A California trial court must again consider
The California Supreme Court declined to rule on highly anticipated constitutional issues implicated in the case, deciding the trial court must first determine whether the subpoena was enforceable, using the seven factors.
In the criminal case, Lance Touchstone, who was charged with attempted murder, seeks his victim’s Facebook communications, including restricted posts and private messages, before and after the shooting. Touchstone claims posts from the victim’s account could help prove he was acting out of self-defense.
A trial judge initially ruled in Touchstone’s favor, finding he had a right to see his victim’s posts despite Facebook’s obligations under the Stored Communications Act to keep user information confidential.
“The court wisely left undecided the key statutory and constitutional issues, which opens the door for more litigation challenging how the SCA applies to Facebook and other major tech companies, and whether it blocks criminal defendants’ rights to access evidence to prove their innocence,” Rebecca Wexler, a professor at University of California, Berkeley, Law School, said. “I also think the opinion reflects a real skepticism of Facebook’s claims about the SCA, and an openness to holding in the future that this statute should not—and does not—block criminal defendants’ rights.”
Other observers believe the court should have concluded that federal law bars the disclosure, as certain other courts have done.
“Even assuming the lower court finds a good cause, it is not enough that the defendant wants the discovery when a federal law bars it and there are other means available to get it without rendering a statute unconstitutional,” said Albert Gidari, consulting director of privacy at Stanford Law School’s Center for Internet & Society.
The suggestion that Facebook is neither a provider of electronic communication services nor a remote computing service—both protected by the SCA—because it advertises or derives some benefit from users is far fetched and would eliminate any expectation of privacy in a user’s stored communications, Gidari said.
“Imagine the world we would be in if every stored communication on social media was subject to subpoena in any litigation from divorce to bankruptcy to tort to contract or other disputes,” Gidari said. “Congress made that decision clearly when it passed the SCA, leaving litigants to get discovery from those who were parties to or otherwise had access to the communications.”
Trial courts must explicitly consider and balance seven factors when ruling on a motion to quash a subpoena directed to a third party, the high court said, concluding the lower court had failed to adequately consider the most relevant factors when upholding the subpoena.
The seven “Alhambra factors” stem from instructions in a California Court of Appeal, Second District, decision on whether a defendant should be permitted to obtain discovery of requested material, and must be applied to the Facebook subpoena, the court said:
- Has the defendant showed a “plausible justification” for acquiring documents from a third party?

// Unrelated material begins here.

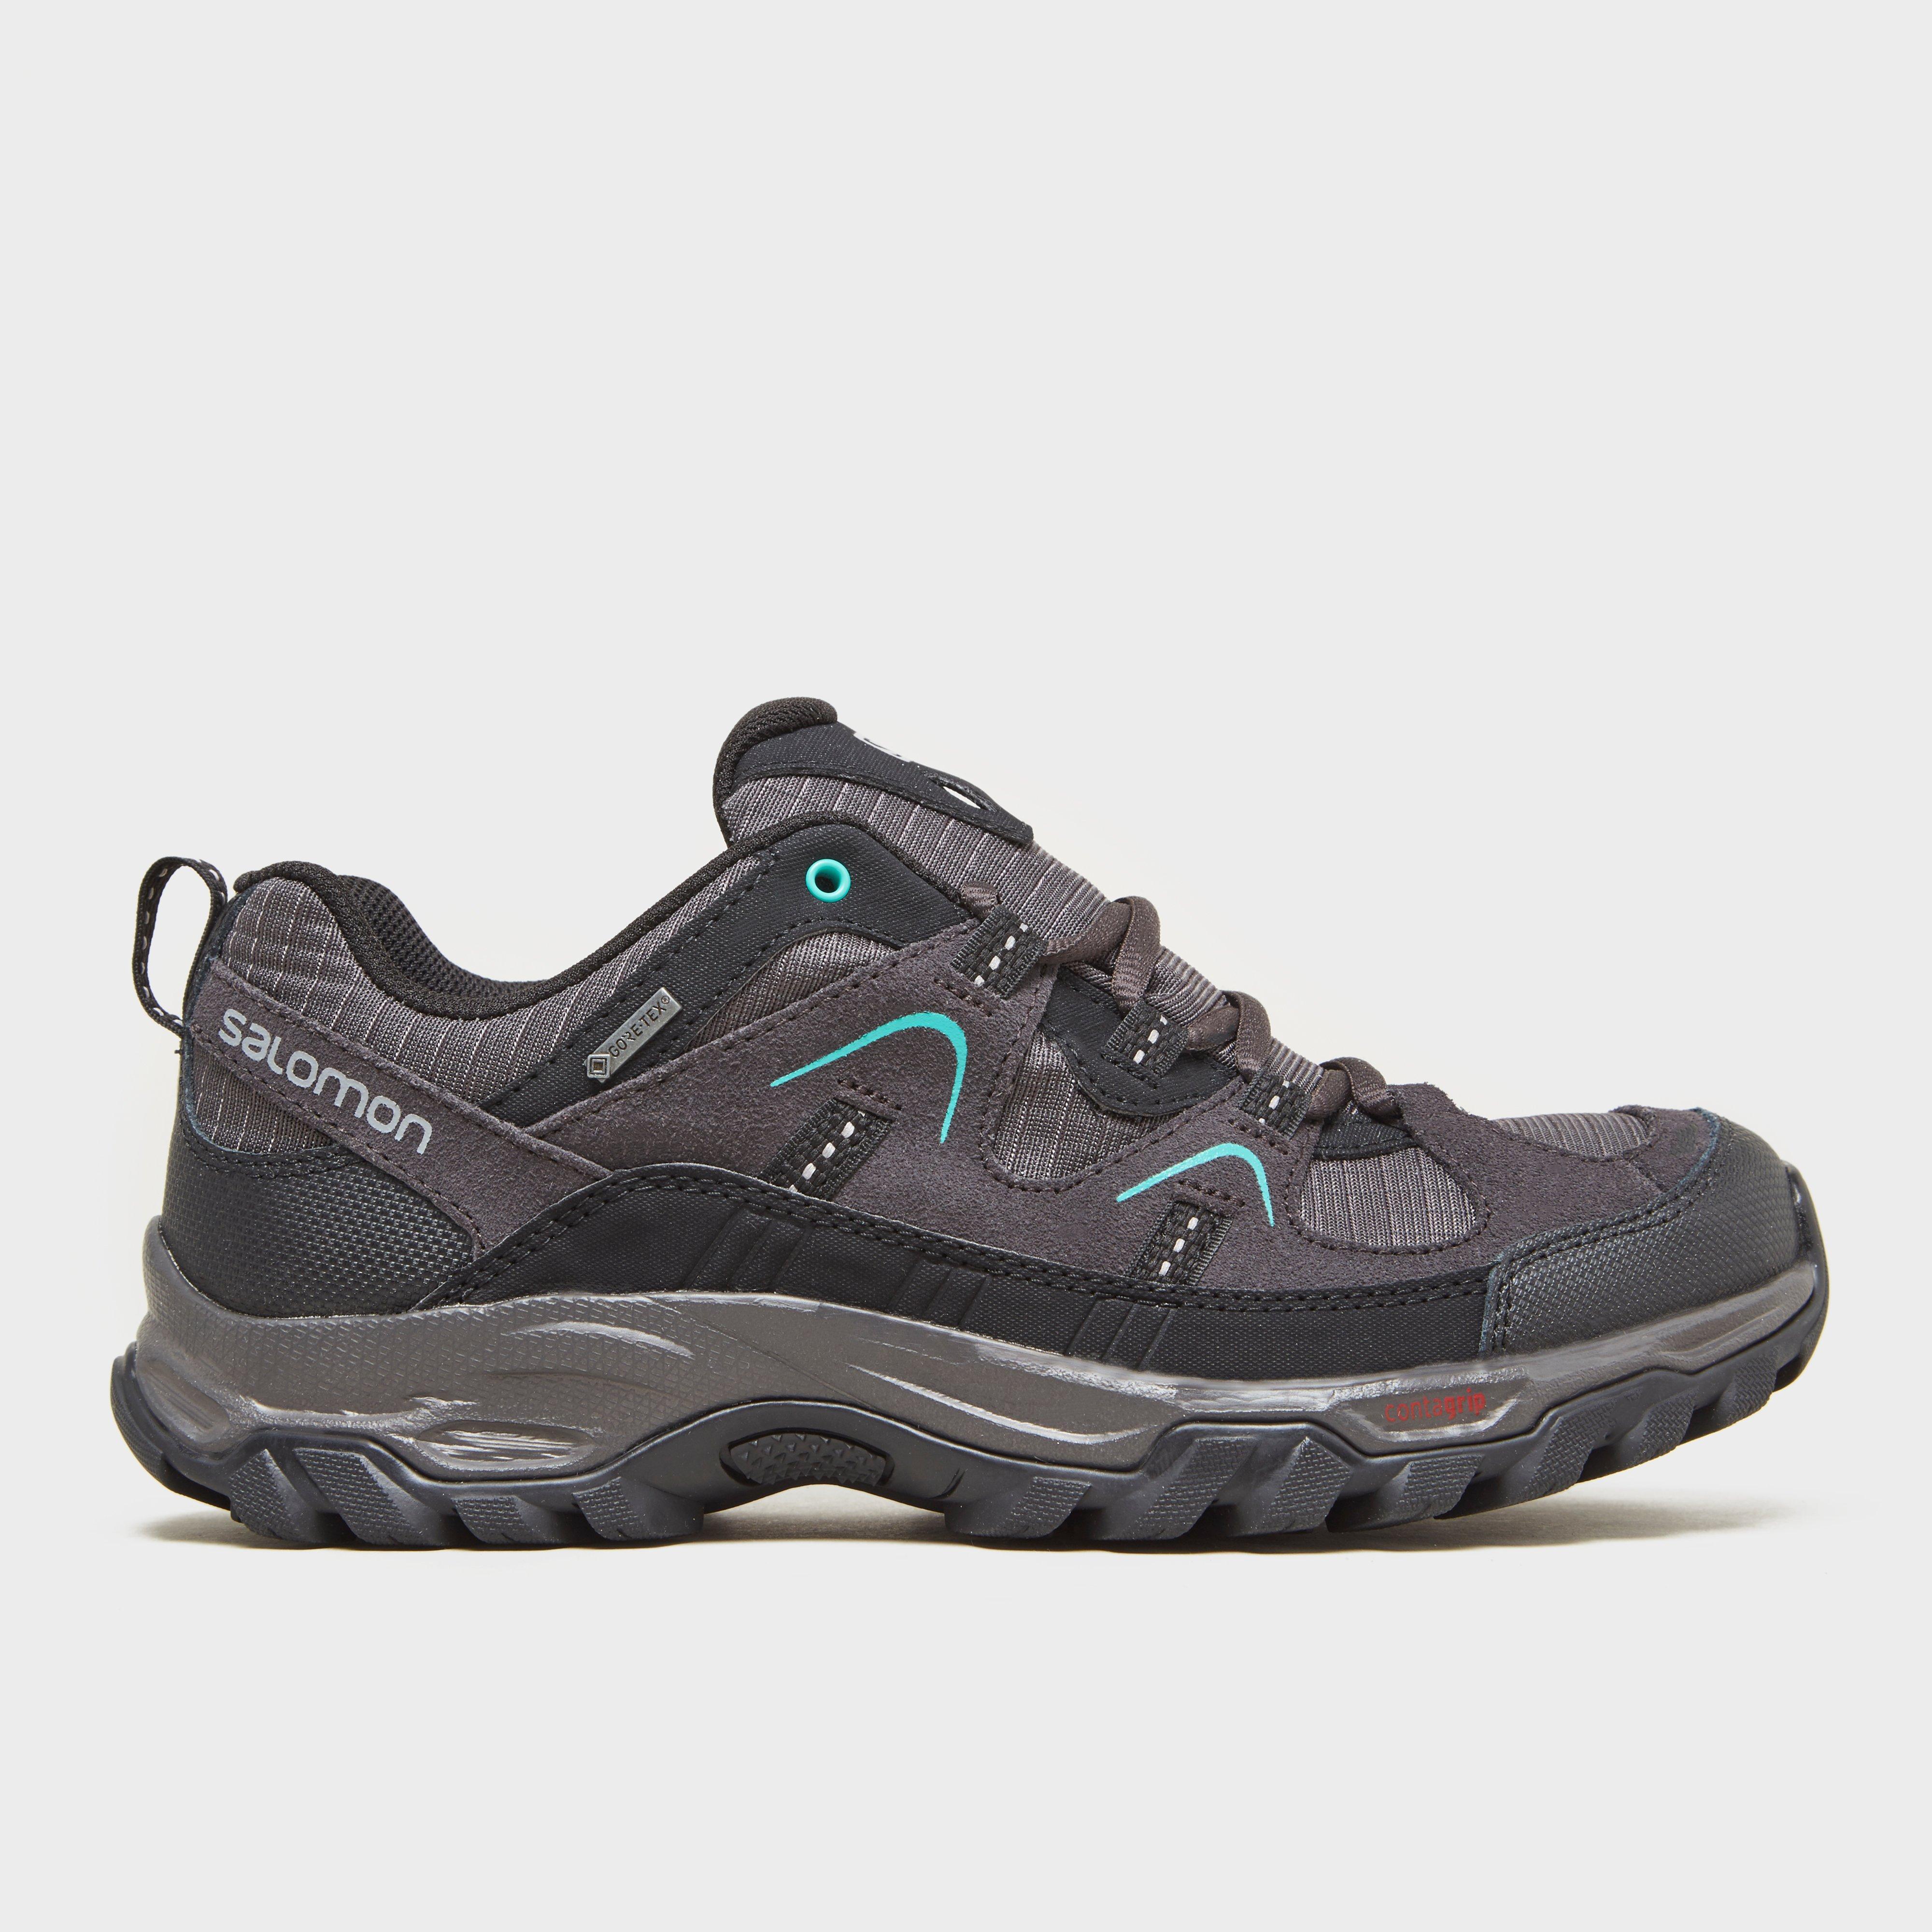 Women S Shoes Comfort Support Similar To Salomon

- Is the sought material adequately described and not overly broad?
- Is the material reasonably available to the third party, and not readily available from other sources?
- Would production violate confidentiality or privacy rights, or intrude on protected governmental interest?
- Is the request timely?
- Would the time required to produce the information necessitate an unreasonable delay in the trial?
- Would production of the information place an unreasonable burden on the third party?
For Touchstone’s subpoena, the trial court didn’t address whether he had shown plausible justification for acquiring the restricted posts and private messages, the potential overbreadth of the subpoena, or his ability to get the material from other sources, Chief Justice Tani Gorre Cantil-Sakauye wrote for the court.
Cantil-Sakauye also addressed the parties’ efforts to explore Fifth and Sixth Amendment issues implicated in the case.
“In light of the potential significance of all of these issues, however, we conclude it is preferable to reserve judgment on these questions until we can be confident that we are dealing with an otherwise enforceable subpoena,” Cantil-Sakauye said.
She wrote separately to explore Touchstone’s argument that Facebook’s business model set it outside the ambit of the Stored Communications Act, noting the court hadn’t yet determined that the social media platform was a provider of either electronic communication services or remote computing services under the act.
Both categories should be updated or replaced by Congress, Cantil-Sakauye concluded.
Judge Mariano-Florentino Cuéllar wrote separately to encourage courts to take up matter of how broadly to read the SCA, in particular whether it protects Facebook and others from a duty to honor subpoenas issued by state courts.
“The companies storing ever-expending troves of data about our lives would surely benefit from greater clarity about the full extent of their responsibility to honor a valid subpoena,” he wrote. “So would the people of California.”
Justices Ming W. Chin, Carol A. Corrigan, Goodwin H. Liu, Leondra R. Kruger and Joshua P. Groban joined the opinion of the court.